За ужином Дэйзи была сама нервозность и трепет, рассеянно задувала свечи, только чтобы слуги зажигали их вновь, когда она отворачивалась. Том не обращал на нее внимания, но я видела, что Ник беспокоится все сильнее, переводя взгляд с Дэйзи на меня и обратно, словно убеждаясь, что в этом и кроется объяснение. Но там его не крылось, как и в чем-либо другом, и почти облегчением стало невинное замечание, отпущенное Ником о цивилизации, после чего Том с азартом ринулся вдогонку за своим любимым коньком. Он с силой тряс головой и раздувал ноздри, как какая-нибудь из его призовых лошадей для игры в поло.
– Цивилизация летит в тартарары, – сердито объявил он всем нам. – Вы читали «Цветные империи на подъеме» этого… как его… Годдарда? Великолепная книга, ее каждый должен прочесть. Суть вот в чем: если мы не будем настороже, белая раса… ну, словом, ее поглотят. И все объясняется по науке, все доказано.
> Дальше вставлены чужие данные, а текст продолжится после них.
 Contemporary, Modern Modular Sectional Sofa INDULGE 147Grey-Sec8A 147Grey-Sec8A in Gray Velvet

– Том у нас становится мыслителем, – важно сказала Дэйзи. – Он читает разные умные книги с такими длиннющими словами.
Ник переводил взгляд с одного на другого, словно не знал, как отнестись к услышанному, но успокоился, когда я незаметно для Тома подмигнула ему через стол.
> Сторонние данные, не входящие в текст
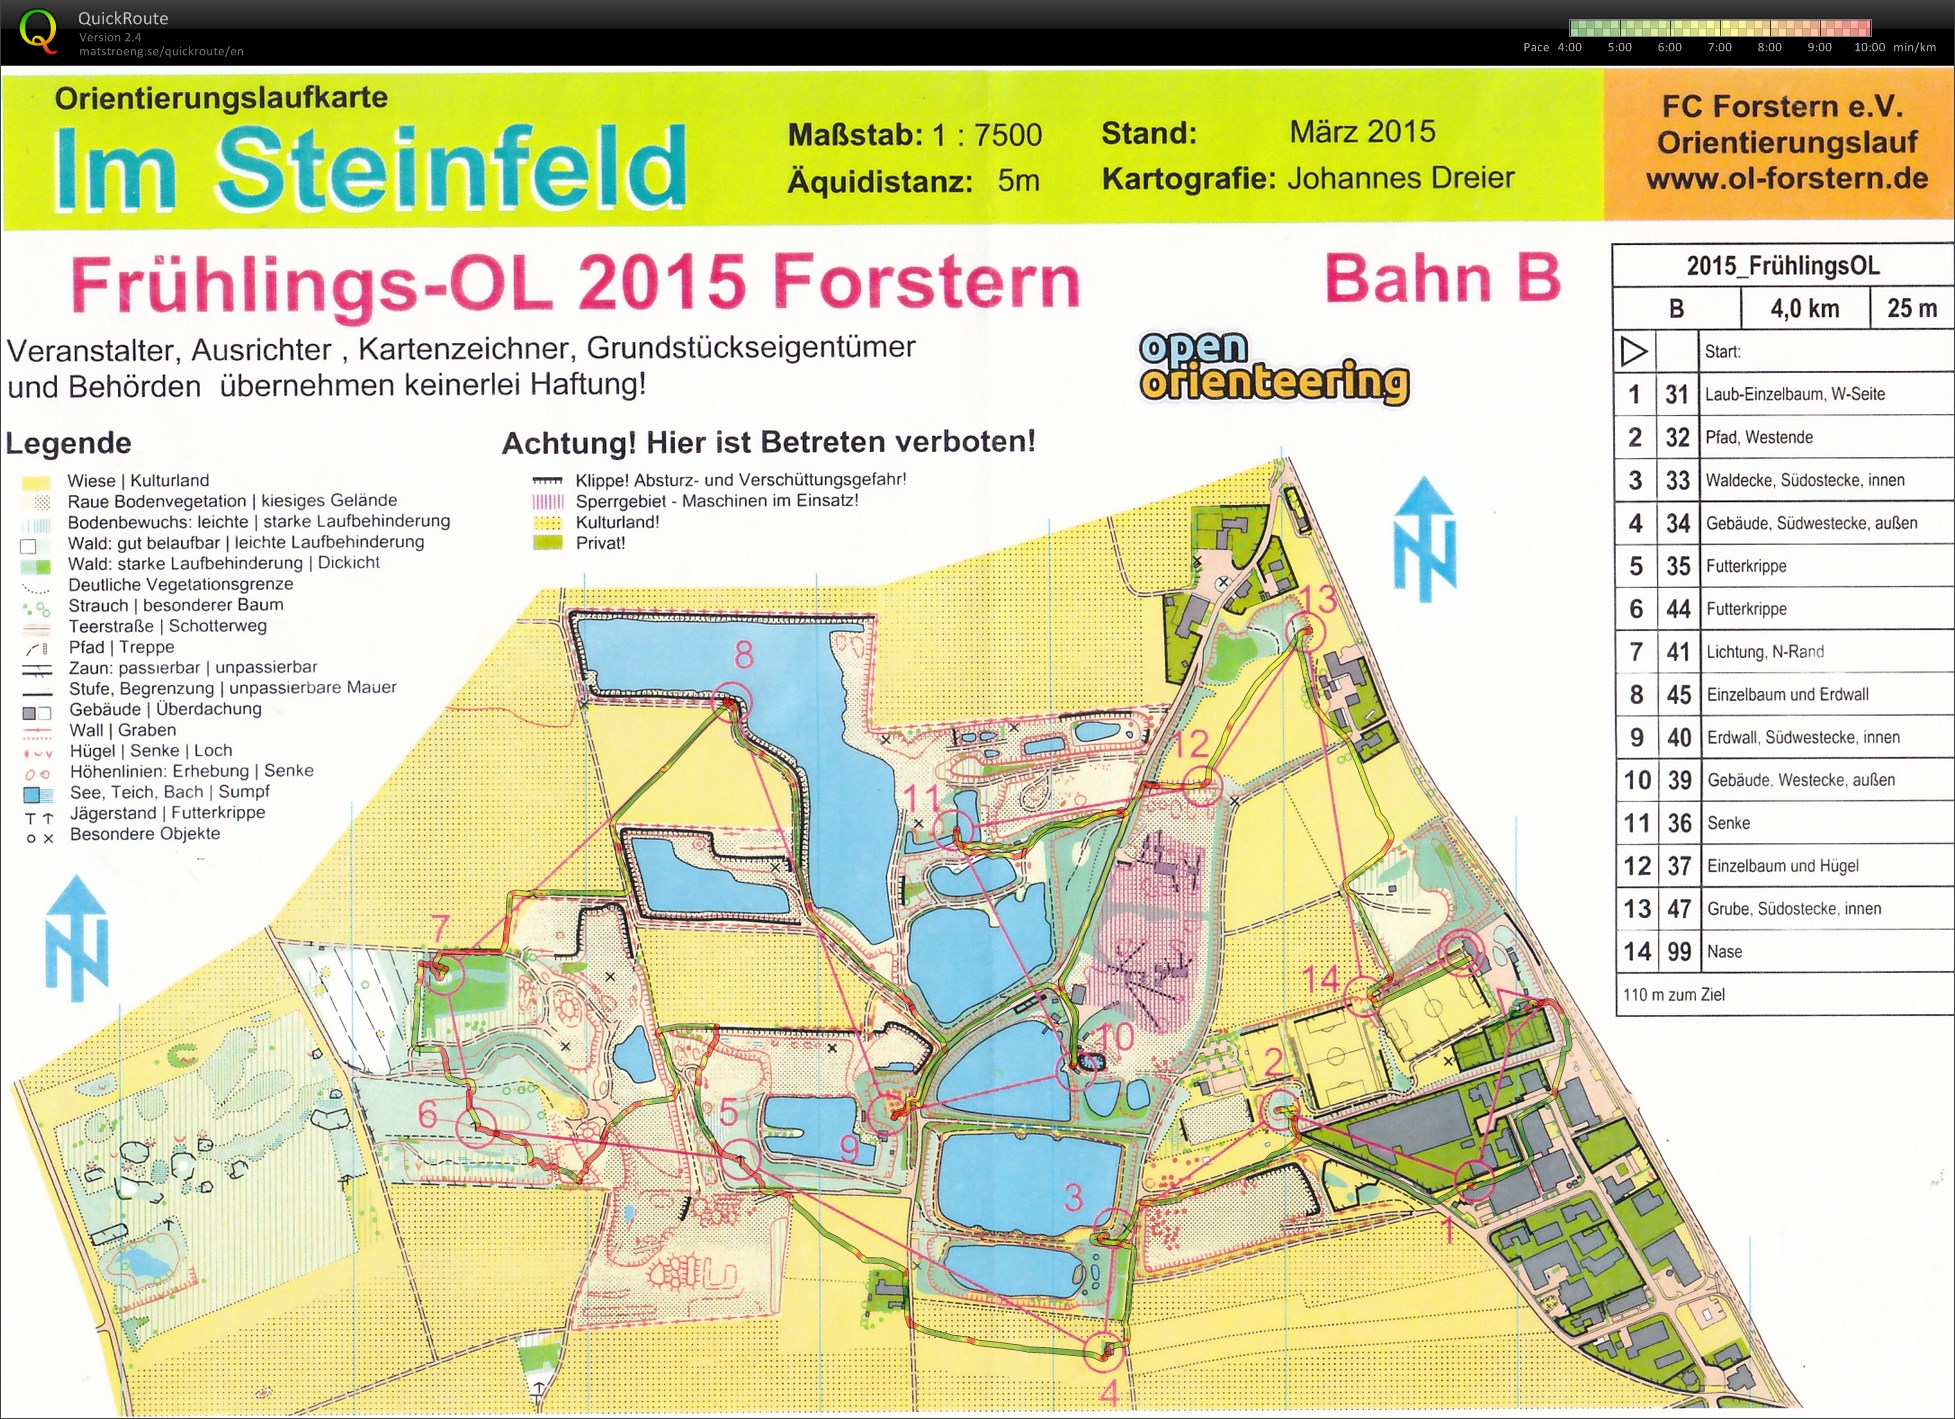 Frühlings-OL 2015 Forstern (29-03-2015)

– Этот малый развивает свою мысль до конца, – продолжал Том, тыкая пальцем в белую скатерть. – От нас, господствующей расы, зависит не допустить, чтобы другие расы взяли верх.
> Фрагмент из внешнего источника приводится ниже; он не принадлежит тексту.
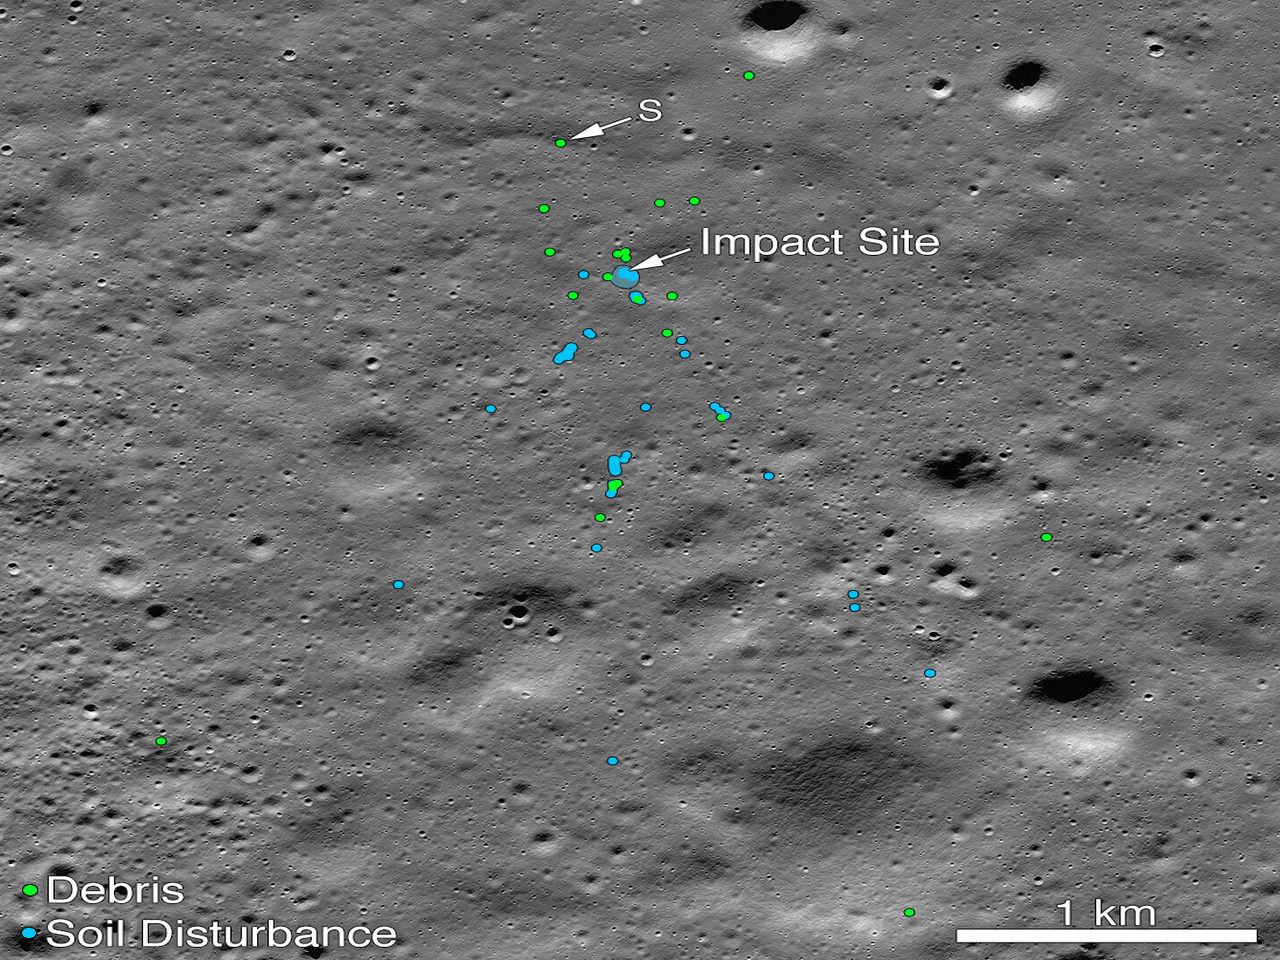 India's Chandrayaan-2 Vikram moon lander

– Вам, конечно, надлежит нас окоротить, – сухо заметила я, и Ник усмехнулся, прикрыв рот салфеткой.
Том круто выгнул шею и подозрительно воззрился на меня, словно не был уверен, что я имею в виду, а Дэйзи рядом со мной хихикнула несколько истерически, хотя во всем этом разговоре для нас не было ничего нового.
– Дело в том, Джордан, что мы представители нордической расы и мы создали все, что составляет цивилизацию, – ну, науку, искусство и все в этом роде. Вот что призван защитить Манчестерский закон, понятно?
На это я могла бы дать с десяток ответов – от наименее резкого до прямо-таки убийственного, – но тут затрещал телефон, и дворецкий явился доложить Тому, что ему звонят. Том вышел, слегка растерянный и раздраженный, а у Дэйзи сам собой открылся и снова закрылся рот.
Надвигающуюся катастрофу она предотвратила, оставив Ника под воздействием своих голубых глаз, достоянием семьи Фэй. За годы знакомства я уже свыклась с ними, а Ник – определенно нет. Его вид стал слегка оторопелым, когда она придвинулась ближе. Голос Дэйзи взвился выше обычного, стал чуть ли не пронзительным, но в то же время зазвучал застенчиво и вместе с тем вразумительно.
– Мне так приятно видеть тебя за моим столом, Ник. Ты напоминаешь мне… розу, настоящую розу. Ведь правда же? – Дэйзи повернулась ко мне, плавно всплеснув рукой – жест фокусника, извлекающего розу из солдата. – Настоящая роза?
На розу он ничуть не походил, но я все равно кивнула, настороженно наблюдая за Дэйзи. Ее маленькая ручка сжалась в кулак рядом с полусъеденной рыбой, и я увидела ссадины на костяшках – те самые, которые оставил Том днем ранее, слишком резко схватив ее за руку.
– Дэйзи… – начала я, но она бросила салфетку на стол и без каких-либо объяснений удалилась вслед за Томом, оставив меня с Ником вдвоем.
– Так вы упомянули моего соседа Гэтсби… – начал Ник, но я вскинула руку.
– Тише.
Мои плечи и спина затвердели как дерево, слух напрягся, словно натянутые струны рояля: я прислушивалась к тому, что творилось в соседней комнате, где находился телефон.
– Да что же такое происходит? – спросил явно озадаченный Ник. Может, в Сент-Поле дела обстояли иначе, а может, он разыгрывал наивность лучше любой дебютантки, с какой мне доводилось встречаться. Впрочем, мне было все равно.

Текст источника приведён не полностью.